Abstract

Catastrophic antiphospholipid syndrome (CAPS) is an infrequent but feared life-threatening complication of antiphospholipid syndrome (APS). CAPS is characterized by the rapid development of numerous thromboses across multiple organs resulting in multiorgan failure. It is rare but well-documented in the adult population. In contrast, it is exceedingly uncommon in pediatric patients and therefore not yet well described in the pediatric literature. Early recognition of APS is of the utmost importance to provide timely and effective management for a positive outcome. We present the case of an 11-year-old girl with history of systemic lupus erythematosus (SLE) and hypertension (HTN) who presented with acute onset altered mental status, found to have a large ischemic middle cerebral artery (MCA) and anterior cerebral artery (ACA) stroke as well as multiple, diffuse, and smaller ischemic lesions in the frontal lobe and cerebellum. Her presentation was further complicated by thrombocytopenia and renal and splenic infarction, as well as thrombosis of the right brachial vein consistent with a diagnosis of CAPS.

1. Introduction

Antiphospholipid syndrome (APS) is an autoimmune disorder defined by recurrent arterial and venous thrombosis associated with elevated titers of antiphospholipid antibodies including lupus anticoagulant, anti-β2-glycoprotein, and anti-cardiolipin antibodies [1]. In the pediatric population, the most common clinical presentation is venous thrombosis of the lower extremities, followed by cerebral venous thrombosis and ischemic stroke [2, 3]. A greatly feared and life-threatening complication of APS is catastrophic antiphospholipid syndrome (CAPS), defined as the rapid progression of microvascular thrombosis with multiorgan involvement and subsequent multiorgan failure [4]. CAPS presents in less than 1% of all patients with APS and is even rarer in the pediatric patients with only a handful of cases reported in the literature [5, 6]. Prognosis is poor for children with APS, with estimates of 33% mortality or higher [4]. Most pediatric cases of CAPS are triggered by infections yet can also be precipitated by neoplasms, recent surgery, and SLE flares [2, 4].

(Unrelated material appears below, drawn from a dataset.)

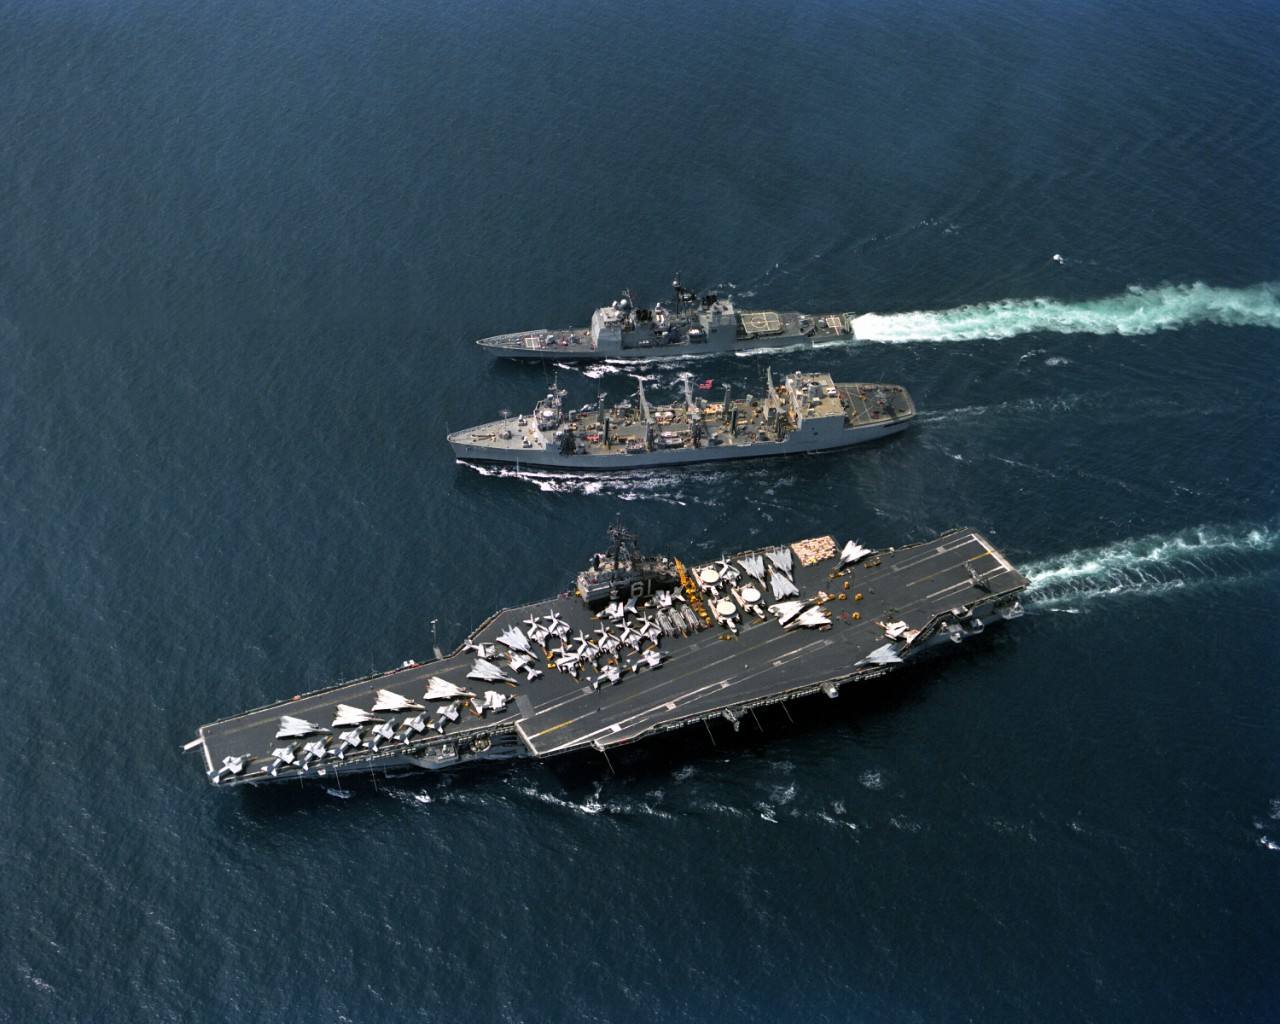 The aircraft carrier Ranger (CV-61) turns to port after completing an underway replenishment with Kansas City as the guided missile cruiser Valley Forge (CG-50) takes on fuel from the replenishment oiler, 28 March 1991. (U.S. Navy Photograph DN-S...

The general diagnostic criterion for CAPS requires that at least three organ systems be involved. Common systems comprise of the central nervous system (ischemic stroke, sinus venous thrombosis), pulmonary (pulmonary embolism, acute respiratory distress syndrome, cardiac (myocardial infarction, heart failure), renal (proteinuria, hypertension), skin (cutaneous necrosis, digital ischemia), and solid organs (splenic, renal, and/or adrenal infarct). Important laboratory findings include presence of antiphospholipid antibodies, thrombocytopenia, microangiopathic hemolytic anemia, disseminated intravascular coagulation, and elevated ferritin [2, 4]. Furthermore, CAPS associated with the presence of SLE is more likely to cause severe cardiac and brain involvement and therefore greater mortality [5].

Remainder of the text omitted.